Logistic regression

#1
Hi guys,

I am a little noob in statistics and I need your help to run a logistic regression in SPSS for the data that I have.

I have a dichotomous outcome: final vision 20/60 or better and final vision <20/60 vision.
The other variables that I want to fit in the model is:
Age: scale
Sex: Male, female
Surgery, cataract, glaucoma, vitrectomy, injections.
pain: no, yes
baseline vision: LP, CF, NLP, etc (these are not scales but categorical too.
Please see the attached picture Untitled.png

how to fit these variables in a regression model. Please let me know!

Thanks for your help.
 
Last edited:

hlsmith

Omega Contributor
#2
You lol them in and run the model, it looks like most of the independent variables are categorical. What is your sample size?
 
#3
You lol them in and run the model, it looks like most of the independent variables are categorical. What is your sample size?
My sample size is 250. Also would the sample size affect how I do my regression model ?

I can put them all in the model but my question is these categorical variables the have more than 2 categories, should I create a dummy variables for them and all minus one in the model of just put them as is and mark them as categorical in the model itself?

Thanks
 
#4
My sample size is 250. Also would the sample size affect how I do my regression model ?

I can put them all in the model but my question is these categorical variables the have more than 2 categories, should I create a dummy variables for them and all minus one in the model of just put them as is and mark them as categorical in the model itself?

Thanks
Just because the software allows you to "fit them all in the model" doesn't mean it's the right thing to put them all in the model. Having more parameters estimated relative to fewer at a given sample size runs risks of overfitting, inappropriate parameter estimates, and other problems. Sample size is very important and the total sample size is less important in this case than the group size you have for the smaller group (if you have 5 events and 245 non events, this is far worse, generally speaking, than having 50 events and 50 non events (smaller total sample size)). The more terms you estimate in the model, the more degrees of freedom you eat up.
 

j58

Active Member
#5
@Nooooooby - You can create a set of k-1 dummy variables for each k-category independent variable; however, it is common for statistical software to do this for you. You should look at the documentation for the logistic regression program in SPSS, and see if there is an option to enter categorical variables as factors.
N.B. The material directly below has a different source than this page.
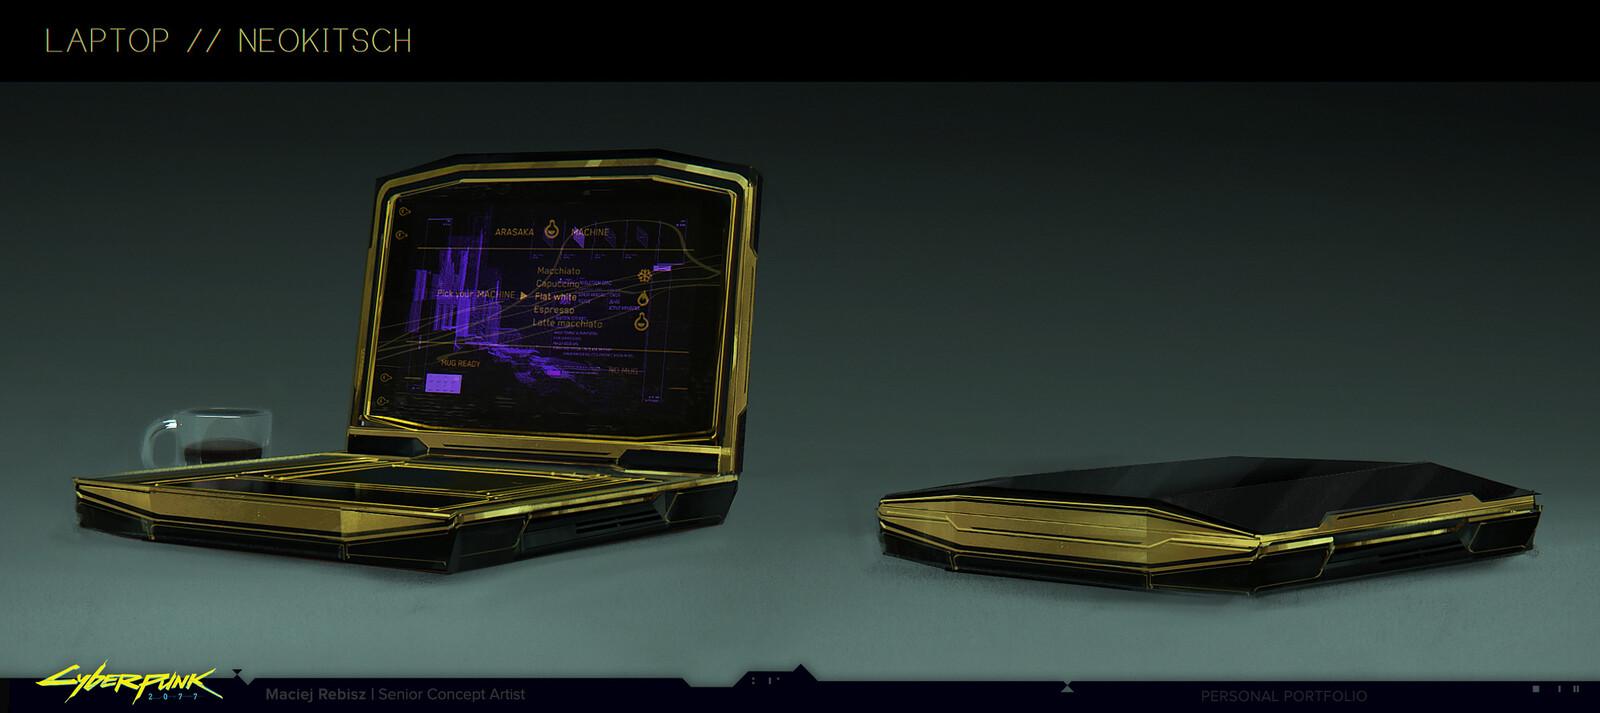 Neokitsch laptop

I wonder, though, why you've dichotomized a perfectly good continuous outcome, like visual acuity.
 
Last edited:
#6
I wonder, though, why you've dichotomized a perfectly good continuous outcome, like visual acuity.
I'm unsure if the OP is a similar background/mindset, but my experience is that medical researchers do this a lot because they want a "firm" guideline to say if X then Y, otherwise do Z. Blood pressure guidelines, abnormal lab values, many other things where medicine dichotomizes so they can make practice guidelines (not saying this is correct, as often it is arbitrary).
 

j58

Active Member
#7
I'm unsure if the OP is a similar background/mindset, but my experience is that medical researchers do this a lot because they want a "firm" guideline to say if X then Y, otherwise do Z. Blood pressure guidelines, abnormal lab values, many other things where medicine dichotomizes so they can make practice guidelines (not saying this is correct, as often it is arbitrary).
Yes, I know. Doctors are notorious dichotomaniacs. But, in my experience, if you explain to them why they shouldn't do that, they listen. Dichotomizing a continuous outcome results in loss of statistical power and obfuscates the true functional relationship between the treatment/exposure and the outcome. When the outcome is continuous, the analysis should always be done on the continuous variable. Once the relationship between the treatment/exposure and the outcome is understood, cutpoints for treatment decisions can be decided on.
 

hlsmith

Omega Contributor
#8
I agree with all the above comments, in addition - which wasn't directly mentioned, you would want to make sure there wasn't a non-linear relationship between a continuous variable and the outcome. I think this gets overlooked even by people that are using the variables in its continuous format.